Accompany snowdrops with other early bulbs, at the base of winter stems or popping up through clumps of nodding hellebores. Crocuses, technically corms, are the other joyous heralds of spring, ideal to naturalize in grass and vibrantly colourful for purple and gold carpets. The Eastern European species, Crocus tommasinianus, bloom from late January for around three weeks, clumping up as they multiply, welcomed by us and also a boon with their pollen-rich golden stamens for foraging bees, especially bumblebees. Crocus flowers close each evening and only open in sunshine so planted en masse in a sunny spot they form a shimmering, irresistible beacon. Bumblebee queens, emerging from hibernation, may even spend the night in the floral cocoon, before breakfasting on the enticing nectar and pollen. The sight on a sunny day is bound to inspire and it’s helpful to know they are easy to grow in well-drained light soil, in drifts, rockeries, or even in containers mixed with other early blooms. In the lawn don’t cut the grass until their leaves turn yellow and disappear.

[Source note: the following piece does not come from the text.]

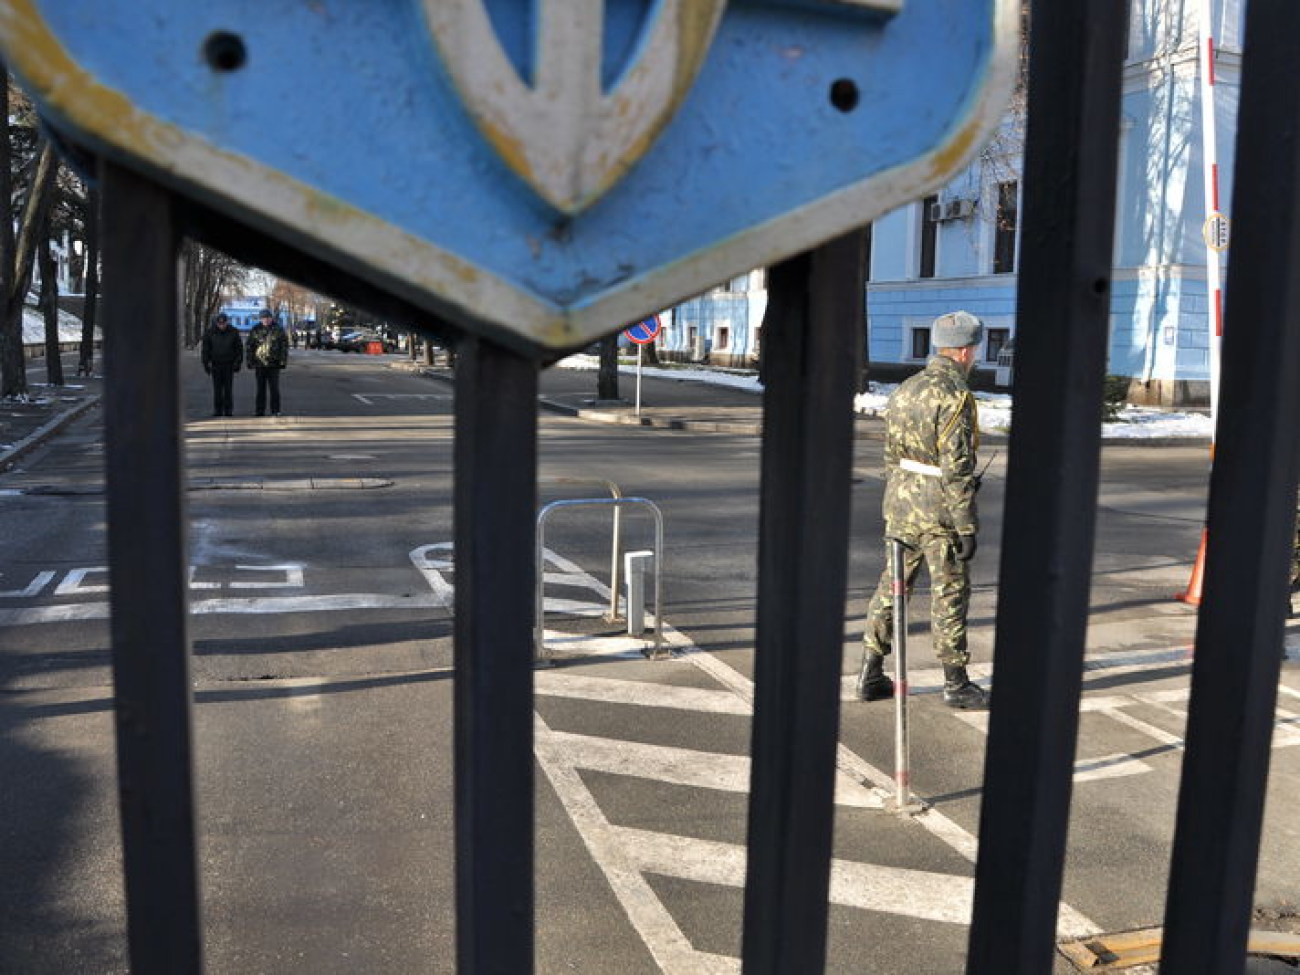 Евромайдановцы пикетировали Министерство обороны, 14 декабря 2013г.

Gorgeous groupings at this time of the year include winter aconites, crocus, hellebores, snowdrops, scilla, dwarf irises and the first narcissi. When visiting gardens take inspiration from all levels, including the first flowers on shrubs such as quince, the massed blooms of daphne, ribes and witch hazels, as well as forming pictures against the bare tracery of coloured stems and sunlit glossy bark of prunus, acers and birch. It’s all about the details at this quieter time in the garden, so immerse yourself in the scenes as you wander the gardens that open this month.
Top gardens to visit in Hampshire to see snowdrops and crocus flowers
Chawton House, Chawton, GU34 1SJ
Listed English landscape garden with naturalised snowdrops
Little Court, Crawley, SO21 2PU
A delightful confection of spring bulbs and booms
The Down House, Itchen Abbas, SO21 1AX
Impressive carpets of crocuses and snowdrops with dramatic use of coloured salix and cornus stems
Bramdean House, Bramdean, SO24 0JU
A traditional country garden with carpets of snowdrops, crocuses and aconites
For opening times see the National Garden Scheme website: ngs.org.uk
Get the look
Snowdrops look delicate but are mostly tough and easy to grow, especially the ones that naturalise in grass, the common, inexpensive ones – G. nivalis, single and doubles and G. elwesii.
For the best effect plant the common varieties en masse. They prefer to grow in well-drained chalk and limestone soils, rich in leaf mould and organic matter, under the shade of deciduous trees and shrubs
Every three and four years lift once the flowers begin to fade, divide clumps and re-plant to the same depth, to help them thrive.
Snowdrops can be grown in containers as long as you don’t allow the soil to dry out in summer or the container to freeze.
Contrast your colours, such as white snowdrops with black Ophiopogon planiscapus ‘Nigrescens’.
Plant bulbs in front of stands of golden bamboo or vibrant cornus stems.